Digital expertise involves more than simply using Excel, mobile apps and social media. Above all else, it involves understanding that competitiveness in the digital world is based on other parameters that open up entirely new opportunities in terms of value creation and growth – and also accepting the business consequences of this.
In my view, there are three central concepts to digital expertise: customer-centric ideas, smart algorithms and dynamic networks. These concepts constitute my digital ABC.
The customer or the egg?
Customer-centric ideas in the digital world enable far more than can be achieved with classic business models. Anyone who has studied business will have heard of Fredrick Taylor and Michael Porter. According to traditional thinking, subcontractors, production, logistics, distribution and marketing follow one another neatly. Customer service is the final part of this model, and last of all the end-customer, with organisations promising quite correctly to put the end-customer at the centre of what they do. With this classic framework, who would ever think of launching a taxi company without owning a single taxi?
Yet this is what Uber did. I will leave the regulatory issues to one side, and simply point out that Uber has adopted the customer’s perspective in order to improve the experience of taking a taxi. By using an app to order a taxi, you avoid having to wait on the telephone and to explain where you want to go, and you also see how much the journey will cost and can pay directly. Also, if you are not satisfied, you can use the app to give feedback that other users can see.
Why had nobody thought of this before? The answer is that nobody had put themselves sufficiently in the customer’s shoes and seen how the customer experience could be simplified and improved. This is what customer-centric organisations think about, without concerning themselves too much with what they might otherwise lack in terms of the rest of the value chain.

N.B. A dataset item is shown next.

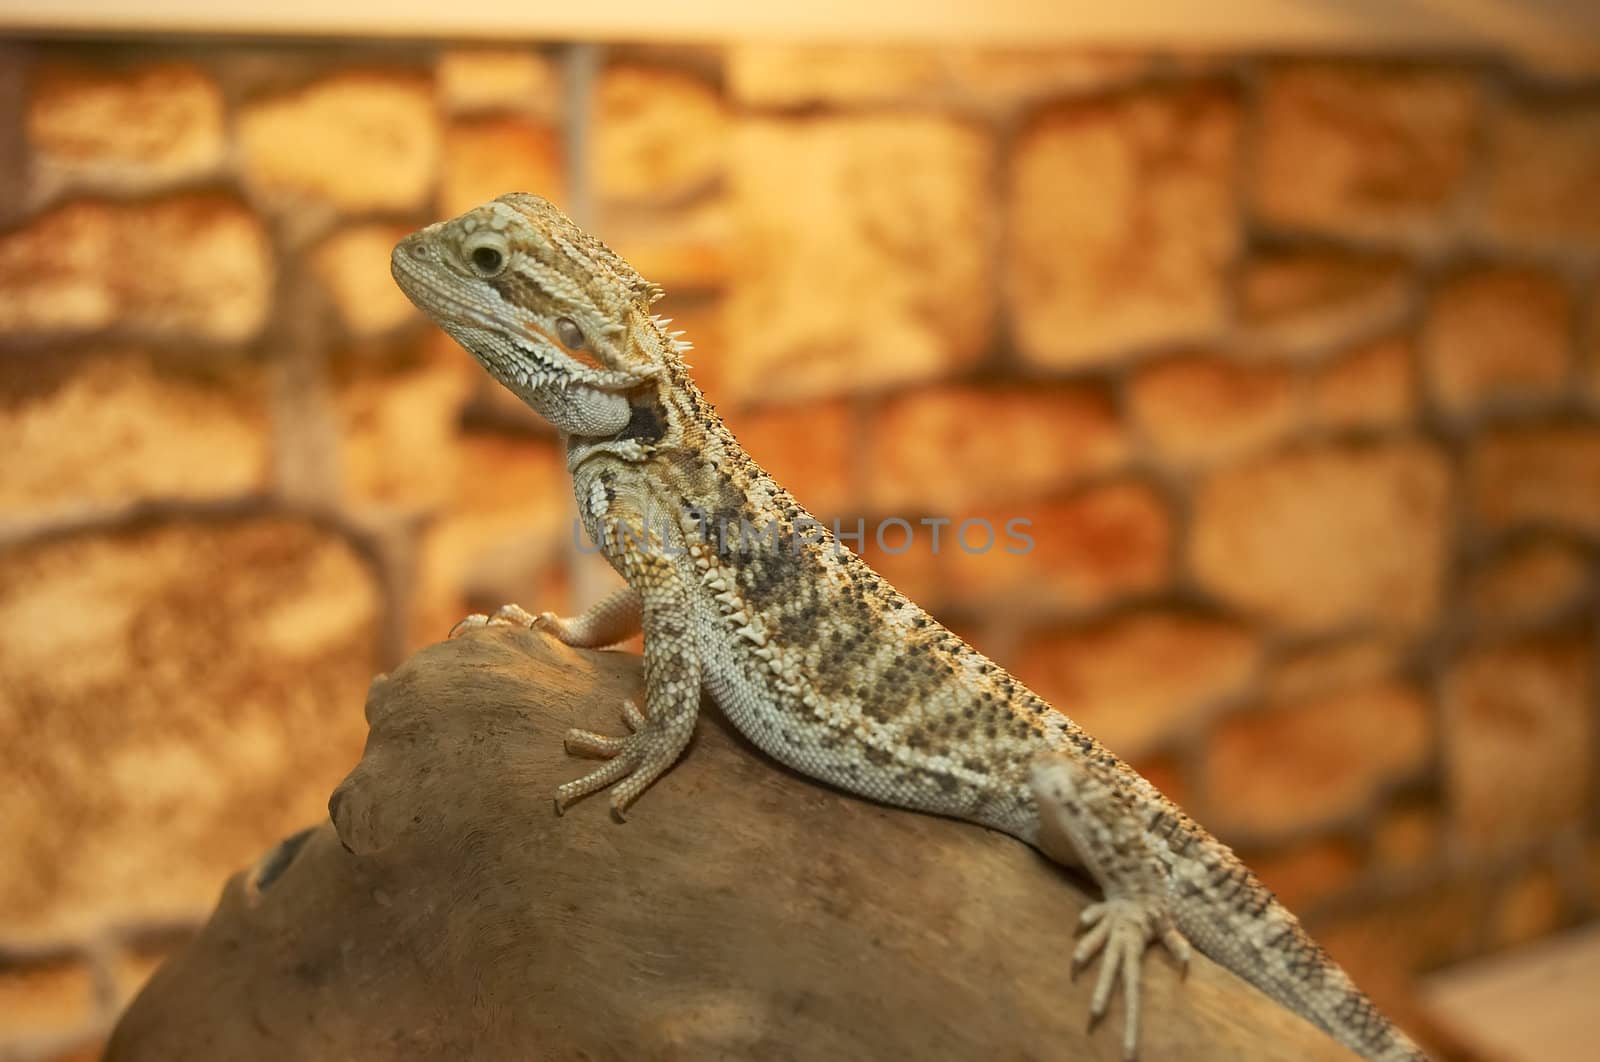 The small lizard in a terrarium is heated under a lamp

Uber is now worth over USD 50 billion, which is equivalent to NOK 400 billion, making it approximately the same size as Statoil. In Manhattan, where 80% of New York’s taxi journeys start, Uber is now responsible for as many journeys as traditional taxis.
Recipe for success
The significance of smart algorithms is the second thing we need to understand. In simple terms, algorithms are series of codes that make a digital solution accurate. They are the recipe for its success. Developing, implementing and continuously improving the algorithms that are used in digital business models have become significant competitive factors. Amazon is a good example of this. According to our experts, Amazon’s core algorithms are updated every 11 seconds. On the basis of your previous transactions, searches and clicks, Amazon constantly works to find products that you might, or perhaps even should, be interested in. If a lot of other people in your category choose a specific item, then this item will be promoted to you even more strongly. Amazon is like a shop in which all the items continually move around, are made more or less prominent, and are reordered to suit whoever comes into the shop. Pricing offers, quantity discounts and cross-selling opportunities can be developed just as flexibly. Smart algorithms enable every customer to be treated in a wholly unique way, and we have only seen the start of this. The combination of global scale and individual customer experience is challenging traditional competitive thinking and segmentation strategies.
Networks are key
Google, Amazon, Facebook, Uber and AirBnB take full advantage of the dynamics of the network. This is not about a passive landscape of networks such as railways, roads, junction boxes, base stations and cables. This is instead about a network that, by its nature and continuous development, is far ahead of the physical distribution and communication networks of the industrial age. This is a living, expanding network of information, business opportunities and partnership possibilities where smart algorithms and customer-centric ideas make it possible to jump from one industry to another. The Uber of tomorrow could be for home help services or for fighter jets, as the principle – the interconnections made possible by the network – and the digital implementation involved is basically the same. Networks and network effects are core to all disruptive businesses.
Understanding network effects, the significance of algorithms and the development of intelligent systems, and going on to understand what opportunities and threats these represent for existing businesses is, in my opinion, essential to digital expertise at the executive level. Executives must also engage with questions concerning the significance both large and small dynamic networks can have for their own company’s business models and the industry in which they operate. The most significant aspect of this is network dynamics. This means everything that goes on behind what we actually see, which is what readily catches our attention.
Sensors, smartwatches, 3D-glasses and other such gadgets are only simple pieces of equipment on top of a network that is more and more alive every day, and we are only at the beginning of this process. Recognising this can be profound step forward.